James Brockett Tudhope (March 21, 1858 – February 3, 1936) was a Canadian manufacturer and politician.

Tudhope was born in Oro Township, Canada West in 1858, the son of William Tudhope, a carriage manufacturer, and Mary Reid. In 1897, he formed the Tudhope Carriage Company in Orillia with his brothers. In 1902, with partner Harry Anderson, Tudhope established a company which manufactured agricultural implements. Following a fire at the carriage factory, in 1909, he formed the Tudhope Motor Company which manufactured automobiles. Production was converted for military use during World War I and vehicle production was not resumed following the war. In 1928, a new company was formed that produced specialty metal products, such as electrical appliances. Following his death in 1936, his son took over the operation of the company.

Tudhope was elected to the Legislative Assembly of Ontario in 1902 for the provincial riding of Simcoe East. A Liberal, he was re-elected in 1905 and 1908. In 1917, he was elected to the House of Commons of Canada for the federal riding of Simcoe East.

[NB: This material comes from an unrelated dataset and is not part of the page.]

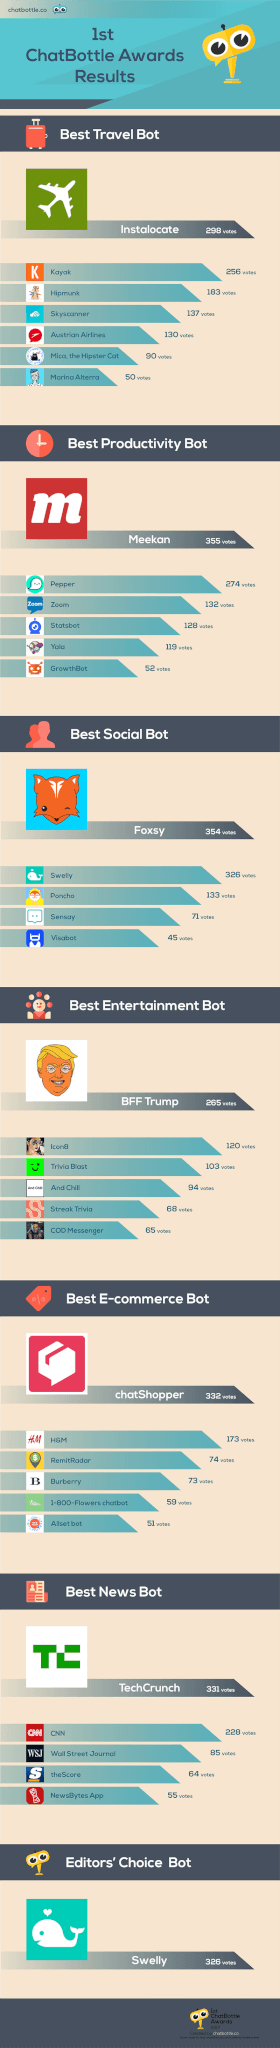 1st-chatbottle-awards-results-best-bots-infographics-2

Tudhope also served as reeve and mayor for Orillia. In 1966, he was inducted into the Orillia Hall of Fame.

Legacy

The Tudhope Building, the former home of his auto company, later supplied military parts for two world wars, later used by Orillia Tudhope Anderson Company (OTACO) before shuttering the 1990. In 1995 it was used briefly as headquarters for the Ontario Provincial Police and now home to Orillia City Hall.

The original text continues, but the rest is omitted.